Słowianie w Maghrebie
Arabskojęzyczne
źródło historyczne kronikarza al-Bakriego (przekazane nam dzięki
monumentalnej pracy orientalisty McGuckin de Slane`a wykonanej
jeszcze w połowie XIX w.) będące przede wszystkim opisem północnej
Afryki w wieku XI wskazuje, iż we wczesnym średniowieczu (IX-X w.)
w muzułmańskich krajach Maghrebu pojawiły się grupy ludności
nazywane przez Arabów Saqaliba.
Ludzie określani takim mianem, znani z innych średniowiecznych
kronik, odegrali również znaczącą polityczna rolę na Półwyspie
Iberyjskim. Pozwolę sobie na cytat z wydanej w 1997 roku Historii
Hiszpanii: "W
latach 1009 -1031 muzułmańska Hiszpania pogrążyła się w
politycznym chaosie (...) W al-Andalus dochodziło w tym czasie do
ostrych zatargów pomiędzy Słowianami (sic) i Berberami..."

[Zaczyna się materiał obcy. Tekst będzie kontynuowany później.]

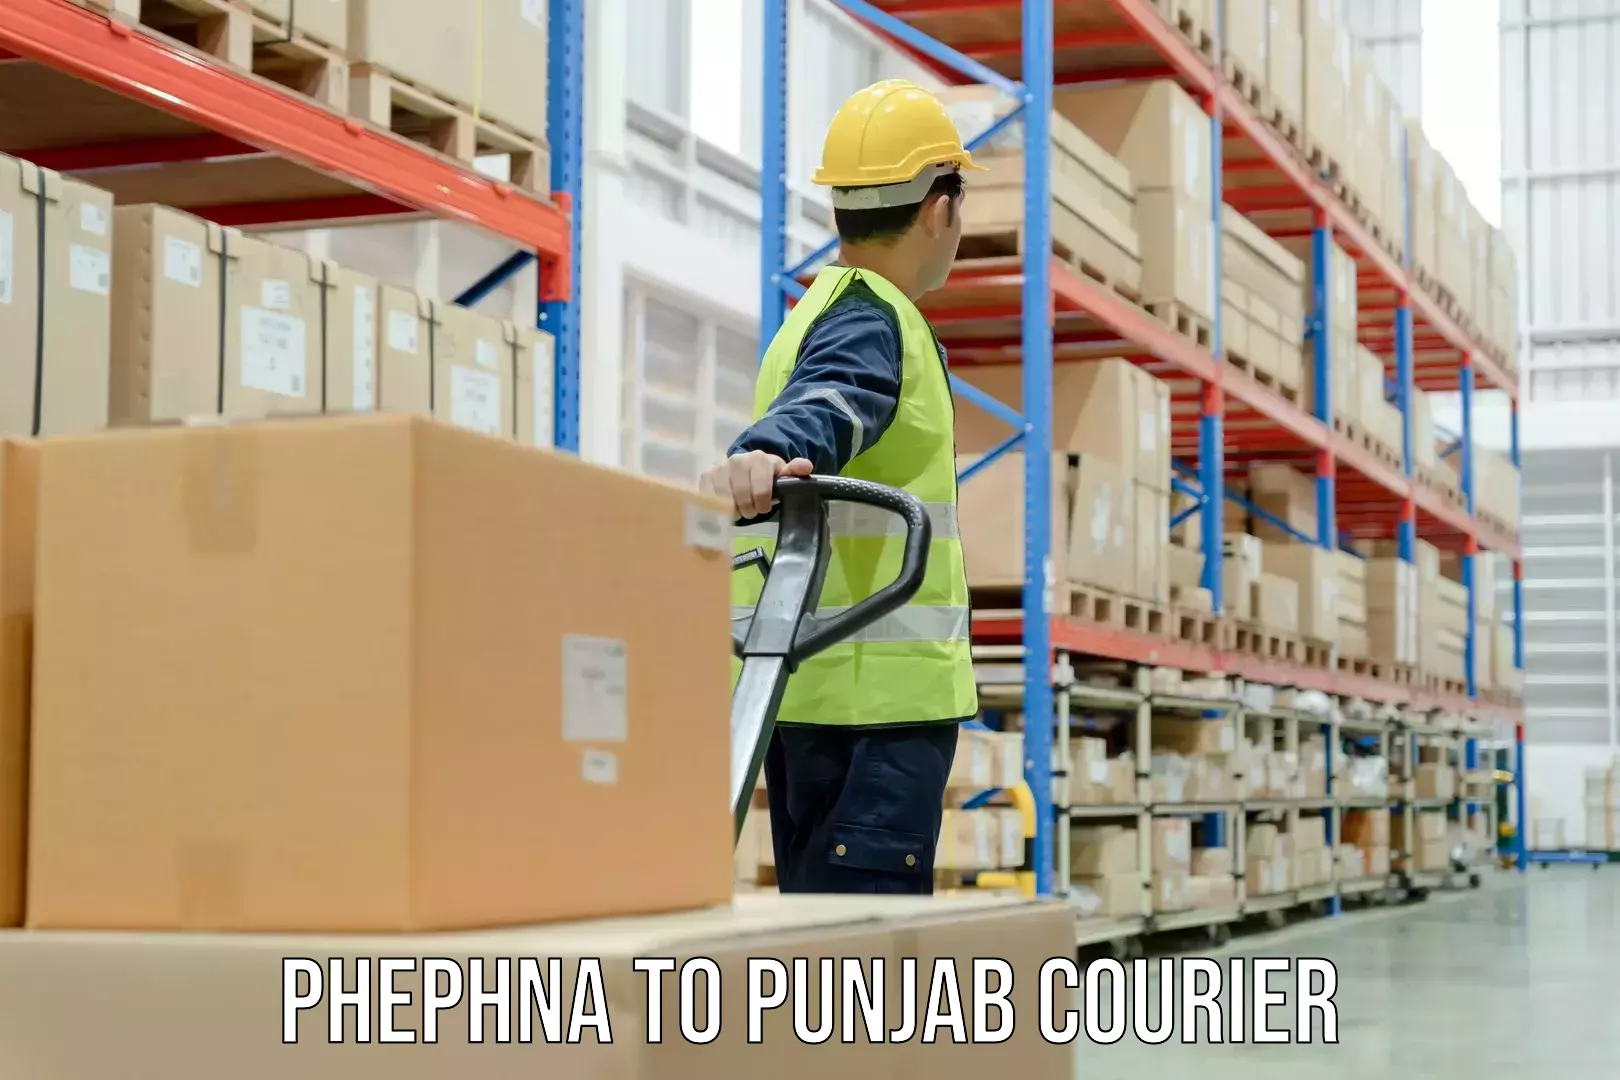 Global shipping solutions in Phephna to Punjab

Kto o tym słyszał? Zapewniam, że nawet nie wszyscy orientaliści.
Powróćmy do kronikarza
al-Bakriego. Wiemy o nim, że należał do wybitniejszych historyków
i geografów świata arabskiego. Pochodził z podupadłego książęcego
rodu. Zmarł w Kordobie w 1094 roku ery chrześcijańskiej. Do
najwybitniejszych dzieł tego kronikarza należy m. in. Kitab
al-masalik wa`l mamalik
(Księga dróg i królestw). Znajduje się w niej wiele istotnych
informacji o ludach słowiańskich w tym, o czym wie niewielu, słynna
spisana w Pradze relacja kupca żydowskiego Ibrahima ibn Jakuba. A
więc to nie słowa Ibrahima ibn Jakuba o państwie Mieszka zasługują
na uwagę, ale przekazana przez al-Bakriego, a więc pośrednio
(sic!), o nich relacja. Trzeba tutaj zaznaczyć, że dzieło
al-Bakriego posiada w dużej mierze charakter przewodnika, w którym
zamieszcza on obok opisu tras dla kupców i podróżników, również
krótkie informacje dotyczące poszczególnych miast, a także dzieje
rodzin lokalnych emirów. Opisy geograficzne i kronikarskie wzbogaca
on strofami wierszy i sentencjami, które na średniowiecznym
kronikarzu zrobiły wrażenie. Aby zrozumieć klimat tego dzieła
trzeba nam wiedzieć, że dla autora ważne jest barwne
przedstawienie sceny i dramatyzmu opisywanego wydarzenia (np. jak
bardzo błyszczała zbroja wodza). Podanie natomiast kiedy to opisane
wcześniej wydarzenie miało miejsce, należy już do rzadkości.
Niemniej jednak nieliczne daty pojawiające się w tekście wskazują
na chronologiczny tok narracji.
Termin Saqaliba
używany przez niego oraz innych kronikarzy średniowiecznych, jest
najprawdopodobniej kalką językową łacińskich słów: sqlavus,
sclavus, slaves.
Odnosiłby się wówczas do Słowian lub niewolników.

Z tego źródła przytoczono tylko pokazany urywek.